**What you need to do**
Exact retyping of the data: please keep every word and drop each picture.

**Provided data**
________________________

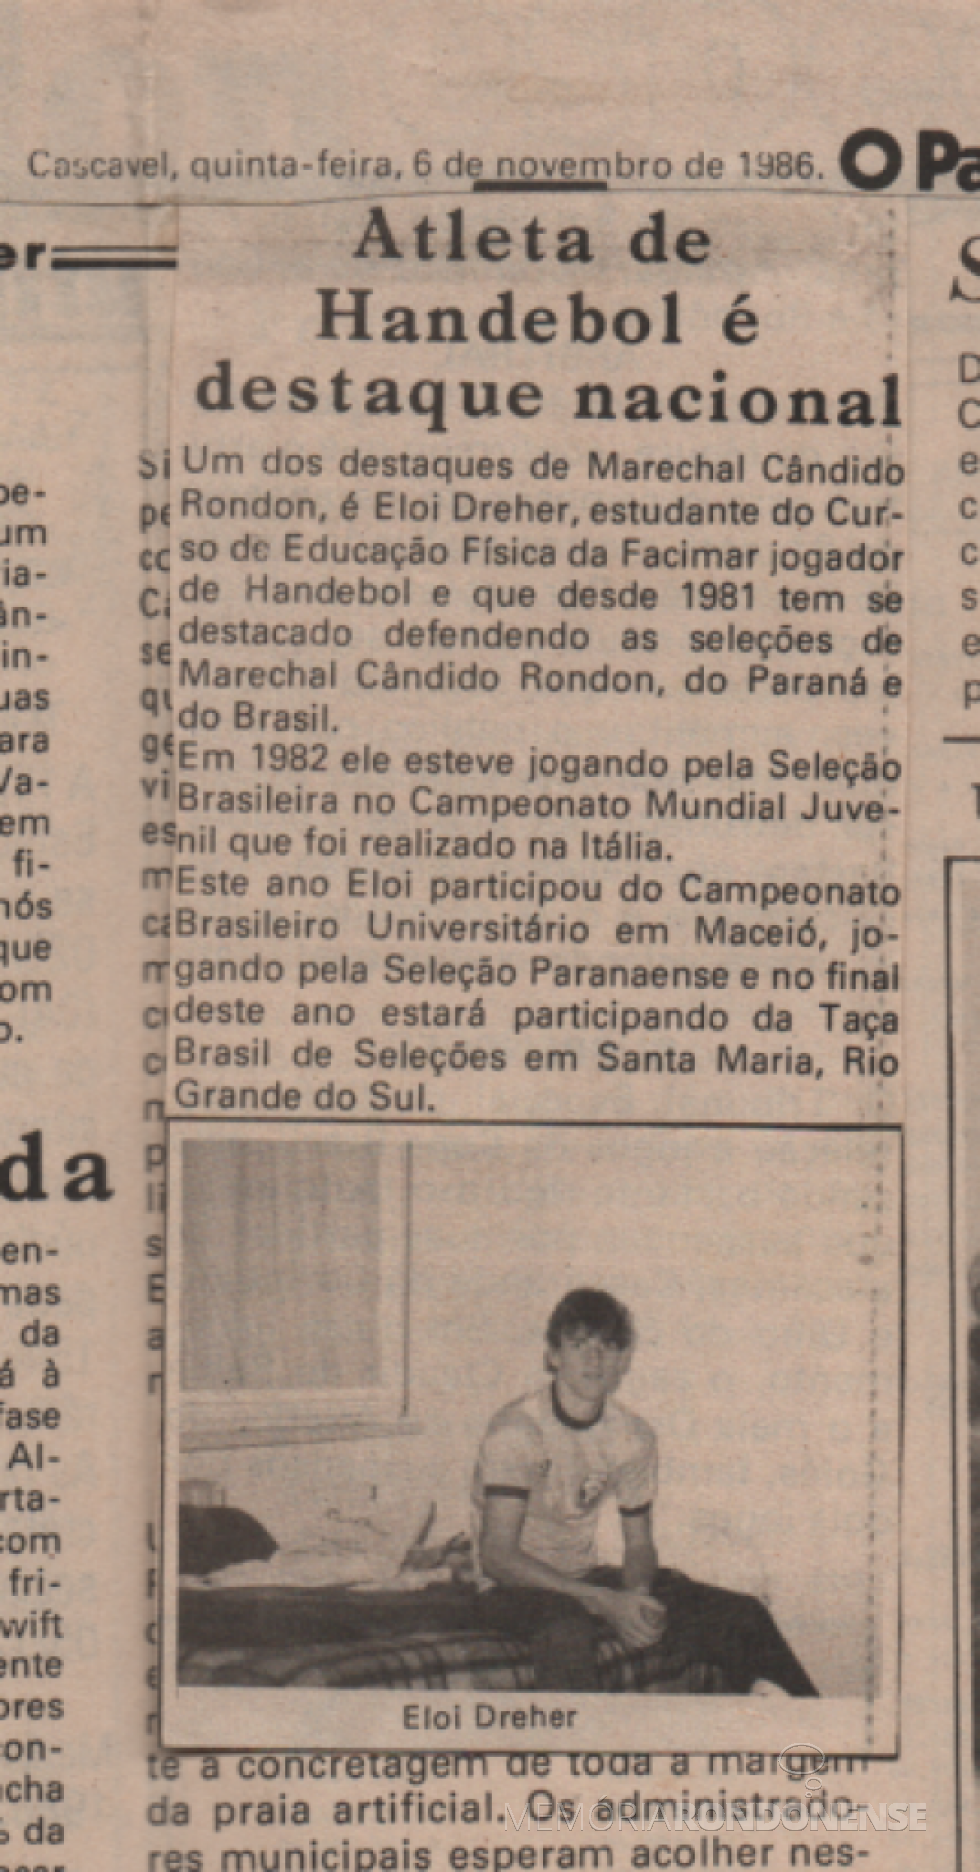 || Atleta rondonense Eloi Dreher em destaque no jornal cascavelense 
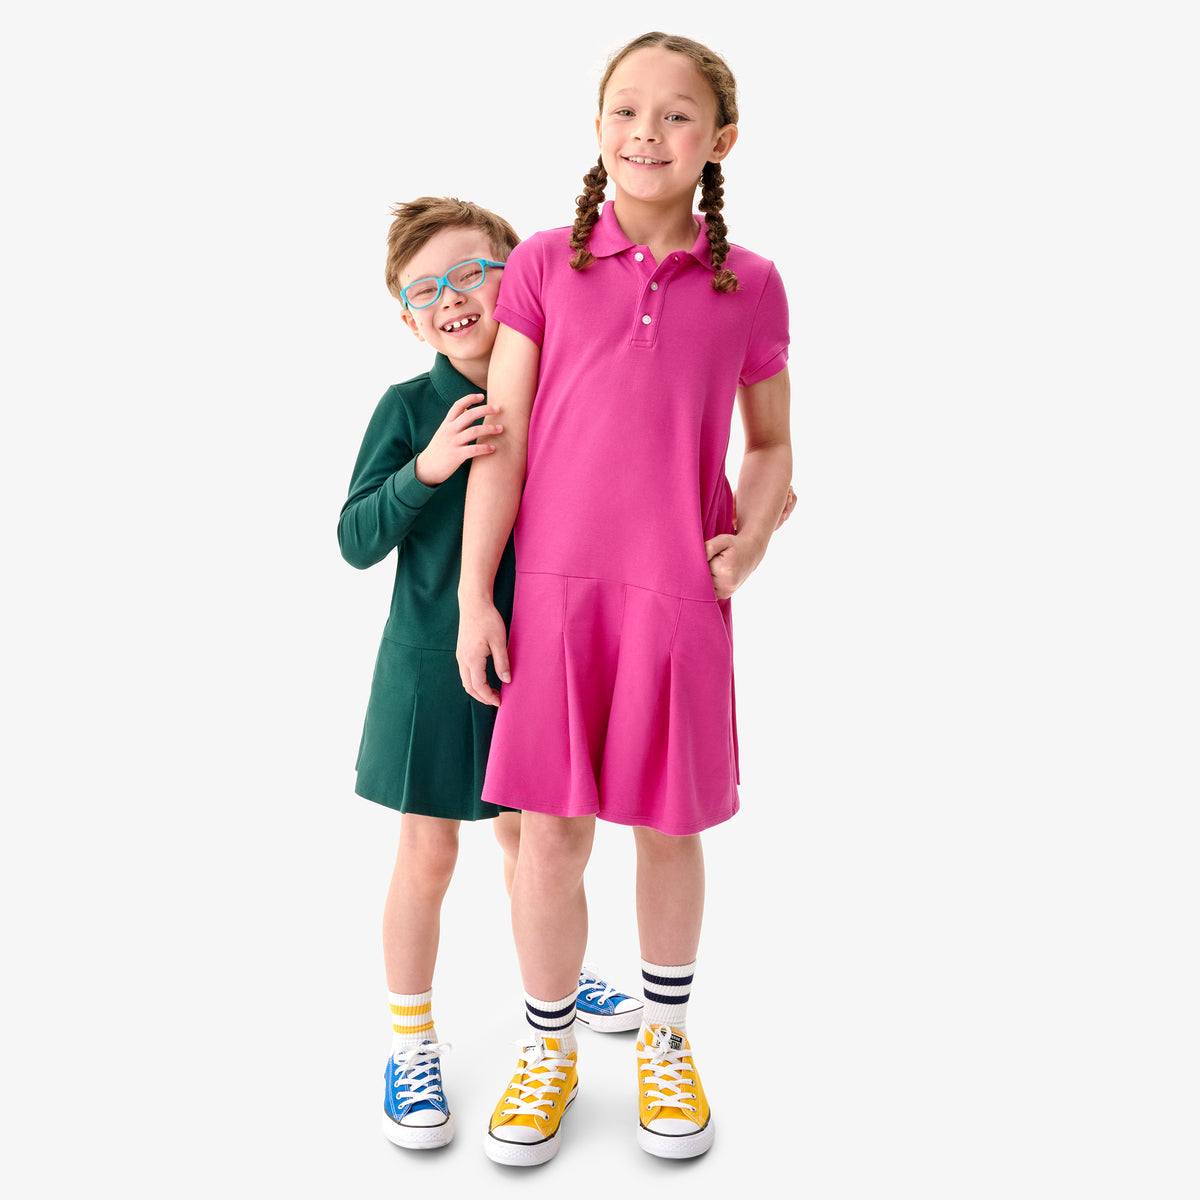 Short sleeve pique polo dress | Primary.com
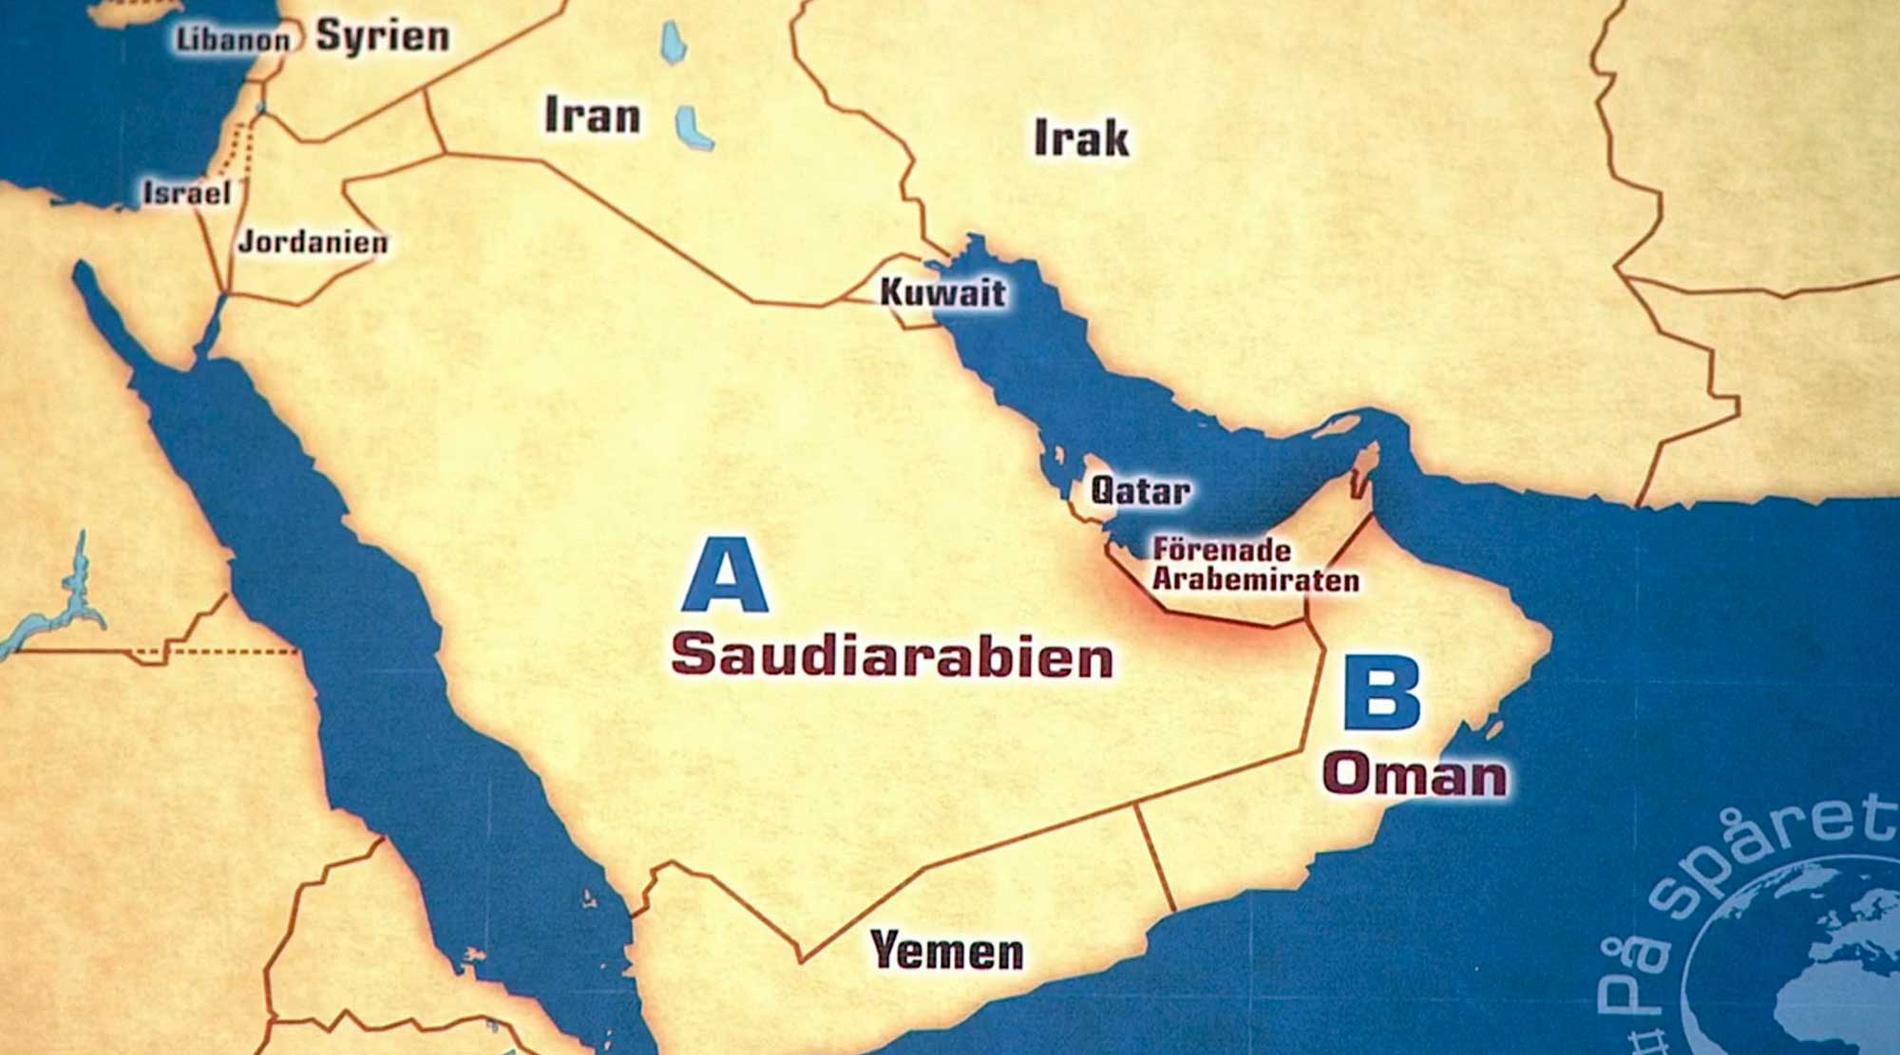 På kartan som visades i ”På spåret” hade placeringen av Irak och Iran kastats om.
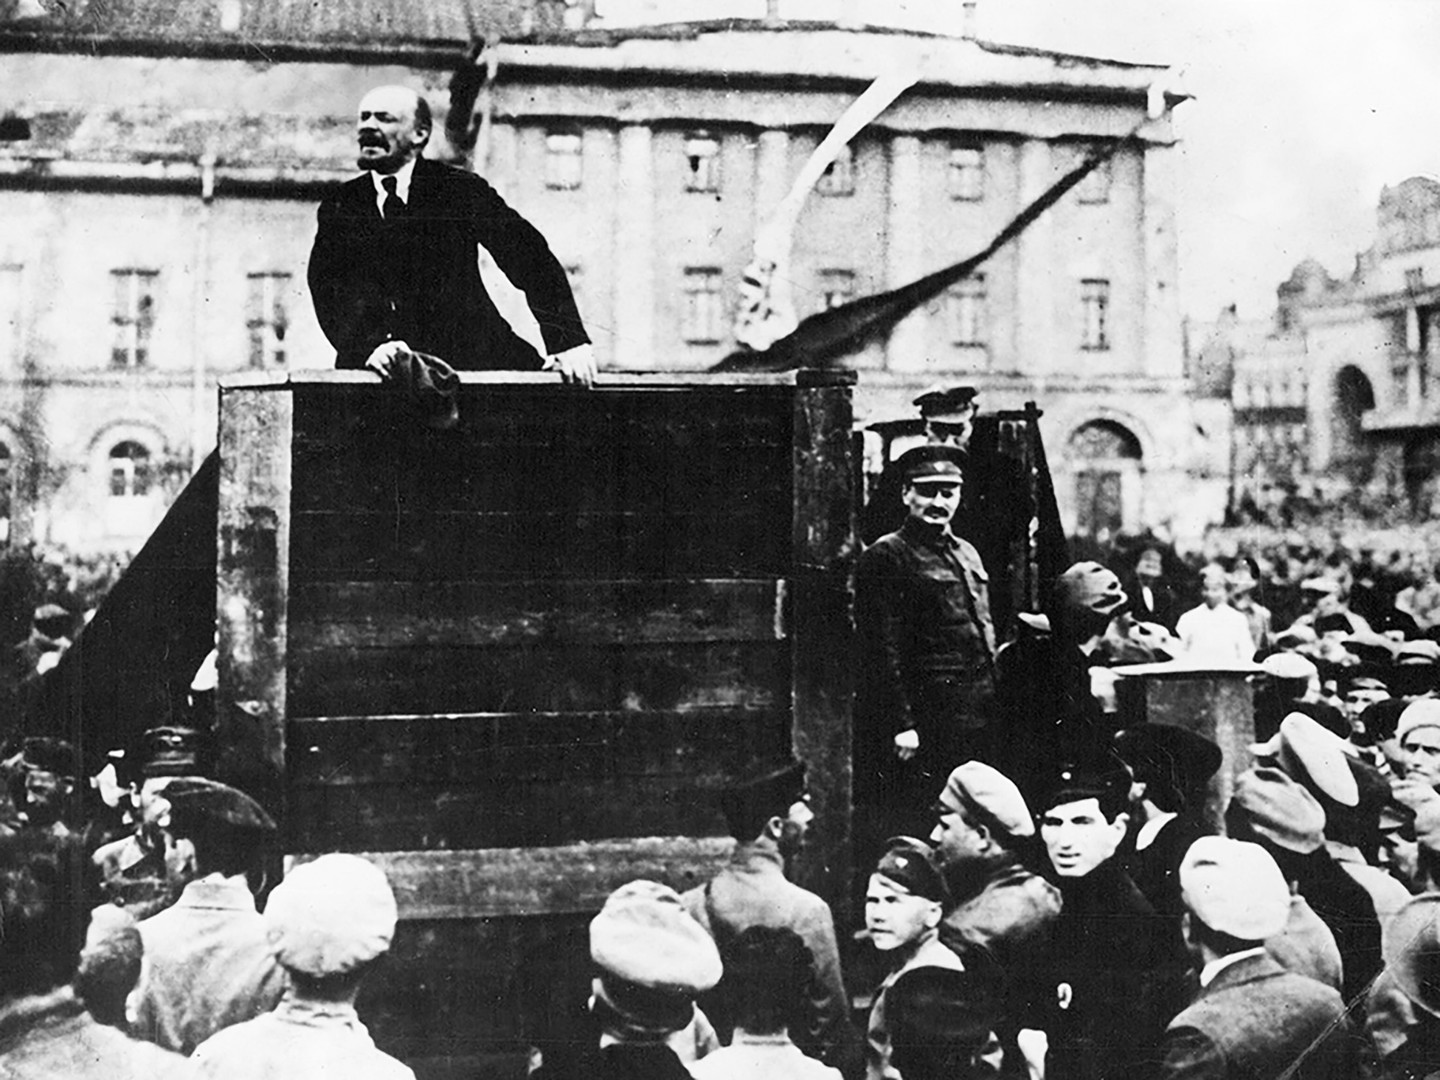 Vladimir Lenin addresses crowd In Petrograd's Sverdlov Square in 1919. Leon Trotsky stands on the right.

________________________

**Response to this task**
 || Atleta rondonense Eloi Dreher em destaque no jornal cascavelense 
 Short sleeve pique polo dress | Primary.com
 På kartan som visades i ”På spåret” hade placeringen av Irak och Iran kastats om.
 Vladimir Lenin addresses crowd In Petrograd's Sverdlov Square in 1919. Leon Trotsky stands on the right.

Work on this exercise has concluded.